Sunday, September 21, 2014

Discussing Death with the Depressed

This post may not be appropriate for all audiences. While it does not contain mature content, it does cover material which may make you think about things you might not want to think about.
--


Life goes on,
Long after the thrill of living is gone.
 - "Jack and Diane" by John Mellencamp

We're not like teenaged boys, who supposedly think about sex every seven seconds; talking about death with us isn't dangerous unless you're particularly thin skinned, because be warned: our perspective on it might be more extreme than you're used to.

Now don't get me wrong, I'm not claiming to speak for all people who suffer from depression in one form or degree or another.
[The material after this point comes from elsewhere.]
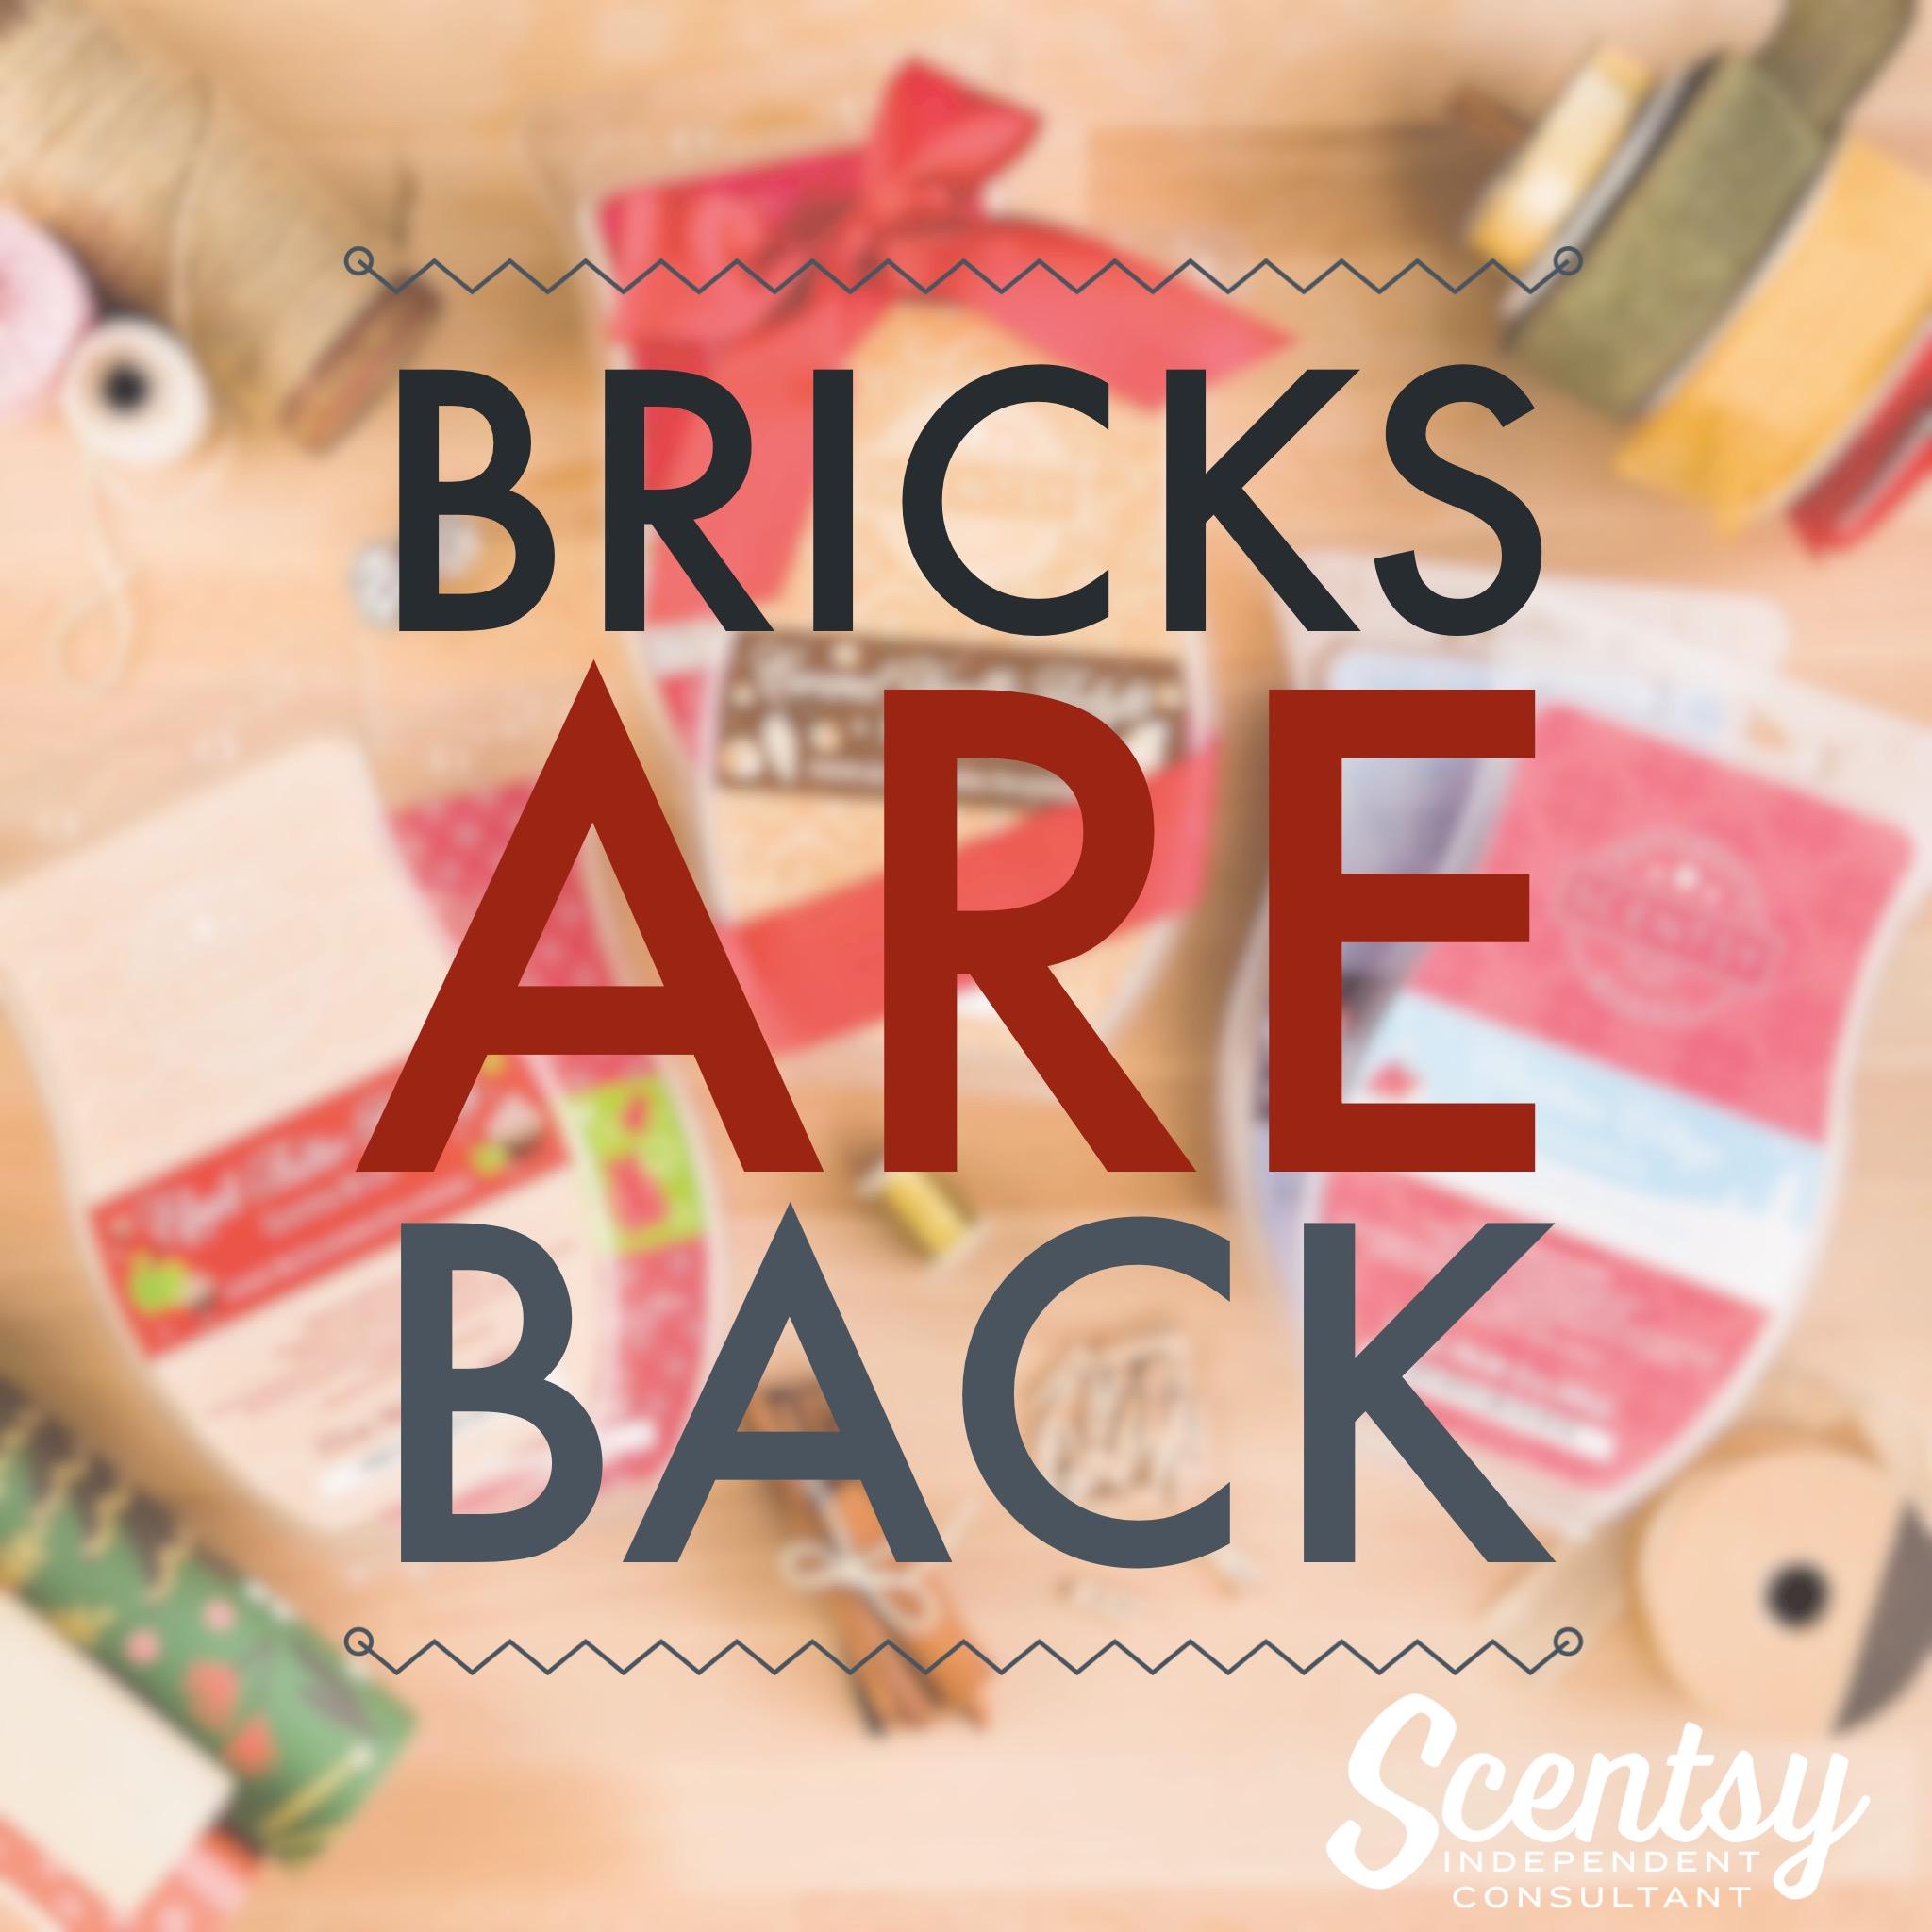 Scentsy Bricks - Valencia Scentsy Consultant - melissa dell

What I am saying is I do suffer, and I know my thoughts, perspectives, and opinions on death and the nature of death, what comes before, during, and after might be a little extreme, callous, or stark, and I rather suspect I'm far from alone. I'm also offering a friendly warning.

I don't like talking about death for this reason, the reason that it tends to scare people, and scared people do things that make me less inclined to share how I feel about things. These things include not sharing my poetry or writings with most of my family (unless they specifically ask, and sometimes, not even then), or not walking past certain people's houses, or changing places of employment.

Yes, I have one job I suspect I lost because I allowed myself to become just slightly too open about the shit that goes on inside my head. We probably shouldn't talk about that. Let's get back to talking about death.

Fear
Death is nothing to be feared. It's like being afraid of the setting sun or an oncoming storm. It's a waste of stress to fear death, something that's inevitable and bound to interrupt everyone's plans in some way or another. Death happens on no one's schedule, even including suicides. Death comes when it's good and ready and not a moment before or later, and though you can try to take your life in your hands and hurry it along, there's never any guarantee on that route; something can always go "wrong" with your attempt, and you could end up in a lot of pain for having failed, and then subjected to close supervision so you can't try again.

Pain
Everything hurts. Life hurts. Death is bound to hurt, either in the short term or the long run. I don't have any first hand experience but I have a surplus of imagination.

xkcd #883

The pain of death could be like approaching the event horizon of a black hole: the closer it gets the slower death appears to come, and the more drawn out the pain is. Maybe it's the reverse, and it's over in an instant, even before your heart has finished beating, your brain has finished tingling, or your muscles have stopped twitching. I don't know, and I'm not convinced anybody does.

Left Behind
"Everyone dies alone. That's what it is. It's a door. It's one person wide. When you go through it, you do it alone. But it doesn't mean you've got to be alone before you go through the door. And believe me, you aren't alone on the other side."
 - Malcolm Dresden, from "Dead Beat" by Jim Butcher

And everyone gets left behind. Well, except for those that died first. That's just how it is. Whether the death was "premature" (young age) or "artificial" (suicide or disease) or "natural" (old age), those who get left behind will be unhappy with it. They'll all go through the stages of denial, maybe not all spending the same amount of time on the same stages and maybe not progressing through them in order, but they all hit every one.

Afterlife
I'm not sold on the idea that there's anything after death, or "on the other side of the door" as opposed in the quote above. I'm not saying I don't believe in one or that I do believe in one. I'm saying I haven't made up my mind.

What I have decided is that I don't believe in Heaven and Hell, and no, this isn't just to try to save myself from eternal damnation in the event that I do end up killing myself. As I've mentioned in my spirituality posts, I don't believe in a deity that cares what we do, and this includes how and when we die. I think I'd lean towards something closer towards an Omega point, if I were told I had to believe something, but anybody who says that sort of thing tends (in my experience) to be rather close-minded and tragically Christian in their own beliefs.

Winning and Losing
Here's the more time-relevant comment of this post, added only recently though the majority of the post itself has been sitting in my queue for a couple months.

Sometimes depression wins. Death is inevitable, but sometimes depression is the hand that deals it. It's always unfortunate when it happens, whether it's someone you never knew the name of or someone known world-wide. The truth remains the same: sometimes depression wins.

Residual Thoughts
There's probably a lot I haven't covered, and if you find it weighing even slightly on your conscience, feel free to ask me about it, and I'll do my best to dredge up a satisfactory answer. On the other hand, if you're convinced I'm batty, crazy, or following the wrong religion and you intend to try to convert me, I will politely say now: Please go away.